Forty years into its existence, New Line is finally getting in the animation game, picking up rights to “Planet 51” from Spain-based Ilion Studios. The distributor is targeting a 2009 release and merchandising push for the $60 million feature written by Joe Stillman (“Shrek”).
In the money
Just how much is anyone’s guess — we’ve got it pegged at about $1.5 billion — but the size of Sheikh Mohammed bin Rashid Al Maktoum’s investment in Sony this week is a clear example of the Gulf region’s growing influence in the media sector. The move, which observers believe will give the Sheikh’s Dubai-based firm a few percentage points in Sony, comes on the heels of Warner Bros.’ recent billion-dollar alliance with United Arab Emirates capital Abu Dhabi and Viacom’s launch this month of MTV Arabia.

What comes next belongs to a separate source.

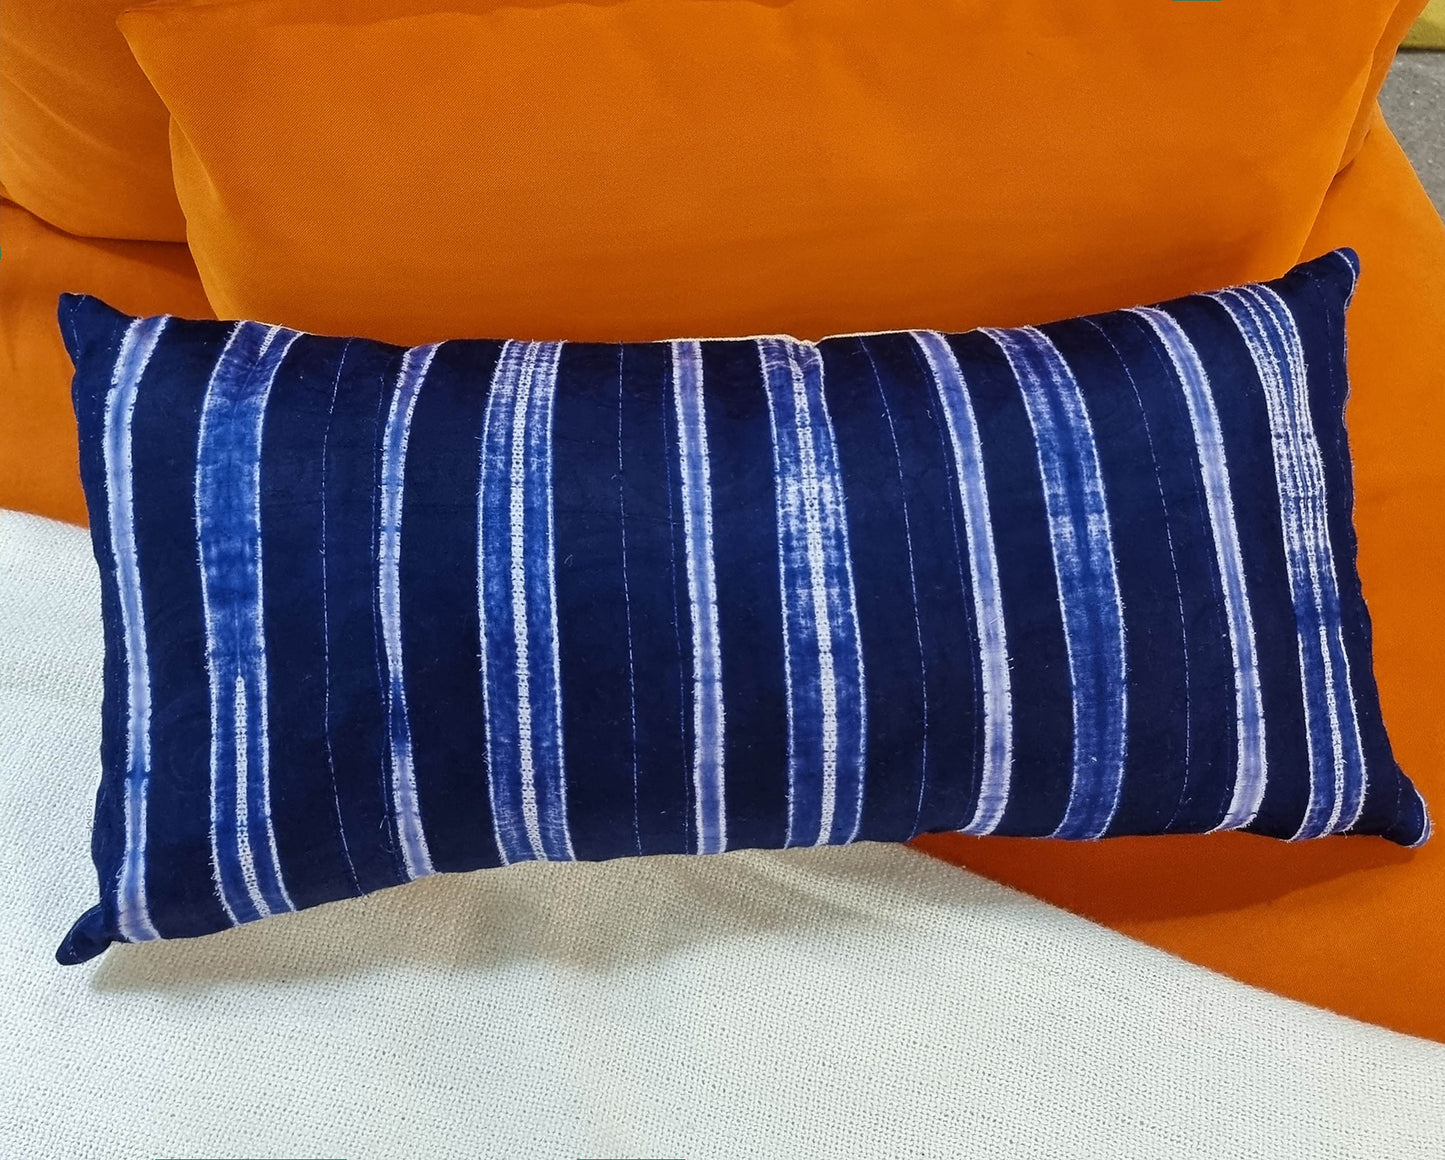 Coastal Blue, white and blue stripe rectangle lumbar cushion on orange sofa chair.

“The Sopranos” may have left the building, but luckily for HBO, their subscribers haven’t followed suit. Despite the end of its signature series and the subsequent belly flop of “John From Cincinatti,” new data showed that HBO actually gained subs in the third quarter. While a 0.3% increase might not seem that exciting, flat beats heading south any day.
Someone to watch over him
A Sinatra clothing line? An Ol’ Blue Eyes saloon? Tough to predict exactly what will come of it, but those are at least possibilities thanks to the creation of Frank Sinatra Enterprises. The new company is a joint venture of the Sinatra family and Warner Music Group. FSE will manage and mar-ket the Chairman’s likeness and most of his mu-sic, film and stage works. WMG’s Rhino unit is handling day-to-day ops.
Keri Russell is tucking in Adam Sandler in Disney’s “Bedtime Stories.” … Lauren Ambrose is getting wild for Spike Jonze, voicing one of the title roles in his adaptation of “Where the Wild Things Are.” … Matthew Perry is feeling young in New Line’s “17.” … Mark Ruffalo is taking up residence on Martin Scorsese’s “Shutter Island.”